Excerpted from Luskin’s article:
In his acclaimed book Evolution: The History of an Idea, the respected historian of evolution Peter J. Bowler explains that the journal Nature was originally founded in the late nineteenth century by T. H. Huxley and others for the express purpose of promoting a “campaign” to support Darwinism:
By exploiting their position in this network, Huxley and his friends ensured that Darwinism had come to stay. (Ruse, 1979a). They controlled the scientific journals–the journal Nature was founded in part to promote the campaign–and manipulated academic appointments. Hull (1978) has stressed how important these rhetorical and political skills were in creating a scientific revolution. The Darwinists adopted a flexible approach which deflected opposition, minimized infighting among themselves, and made it easy for others to join their campaign. Many, like Huxley himself, were not rigidly committed to the theory of natural selection; they were simply anxious to promote the case for evolution.
(Peter J. Bowler, Evolution: The History of an Idea, pg. 185 (University of California Press, 3rd ed., 2003).)
Nature has remained adept at using “rhetorical and political” tactics as part of a “campaign” to support Darwinism, and thus it comes as no surprise that the latest issue of Nature contains an editorial praising the National Academy of Science’s new version of Science, Evolution, and Creationism because it “summarize[s] the reasons why evolution is in effect as much a scientific fact as the existence of atoms or the orbiting of Earth round the Sun.” Such statements are saddening because they elevate evolution to the status of an unquestionable dogma and thus threaten the prestige of science as an objective voice in society.
and…
The title of Nature’s editorial is “Spread the word: Evolution is a scientific fact, and every organization whose research depends on it should explain why.” Again, we see politics at work: they think scientists should defend evolution because their “research depends on it.” It seems that what Bowler called Nature’s “rhetorical and political” defense of evolution has only increased–to the point of religion-like dogmatism–over the past century.
Along with the usual dissembling, Luskin employs his favored stylistic device: Dr.

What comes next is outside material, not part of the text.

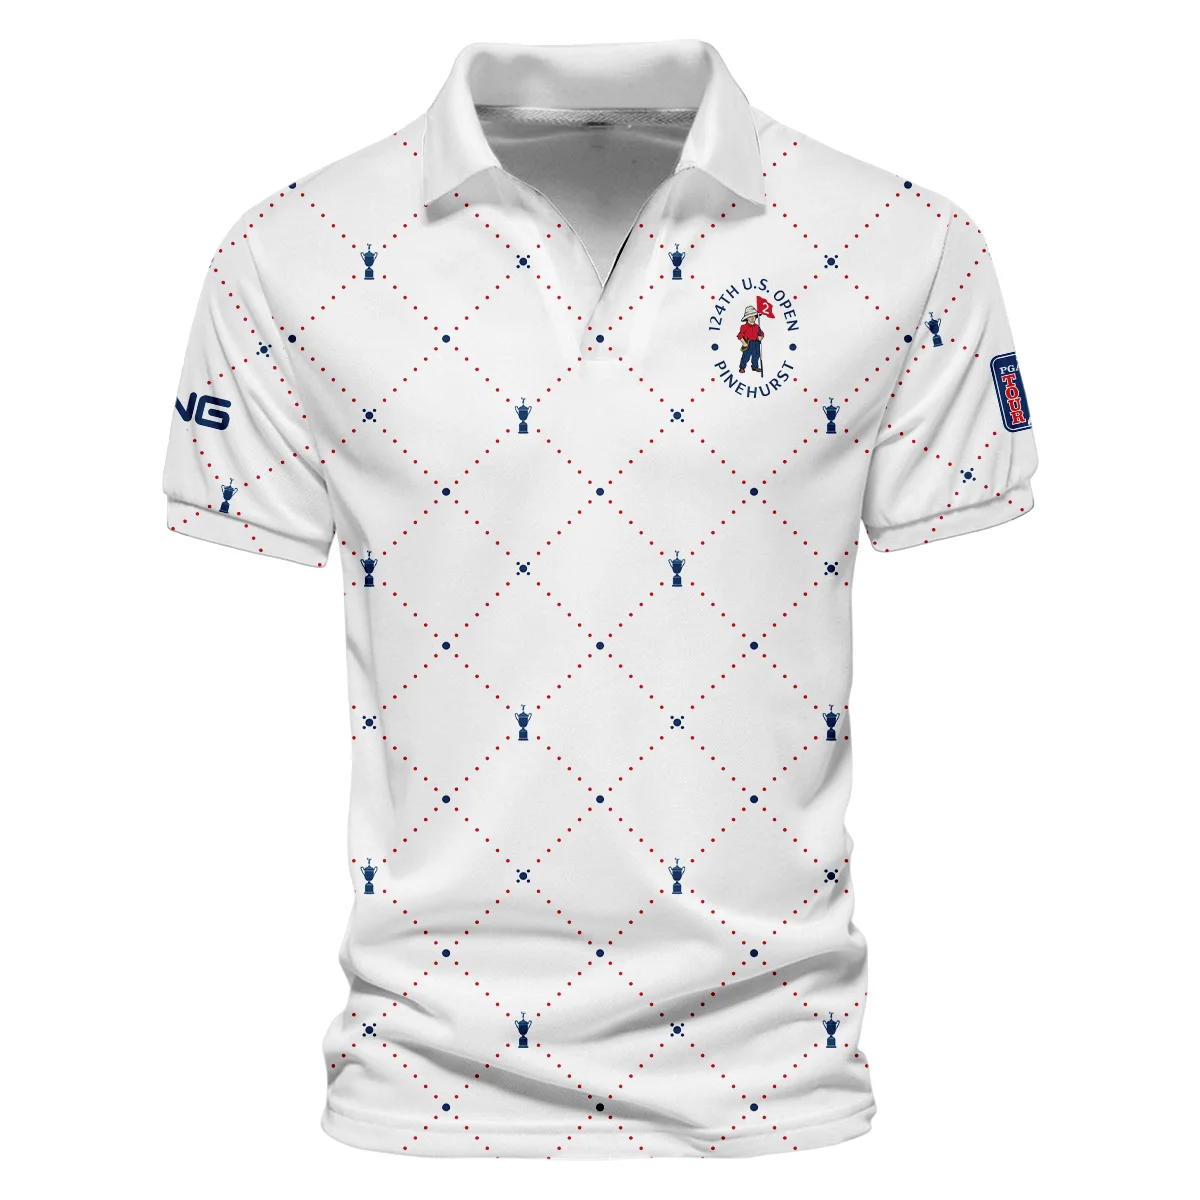 Argyle Pattern With Cup 124th U.S. Open Pinehurst Ping Vneck Polo Shirt Style Classic Polo Shirt For Men

Evil style quotes, e.g. “rhetorical and political.”

Well, yes, I admit it is more than a little sophomoric for me – a wise old matriarch – to take pot shots at an ID’er’s quirks of writing (to my oh-so-commendable credit, I haven’t barraged him with foul language – yet), but artificial emphasis via quotation marks does not deflect from the foundations of Nature’s editorial: evolution is evidence-based.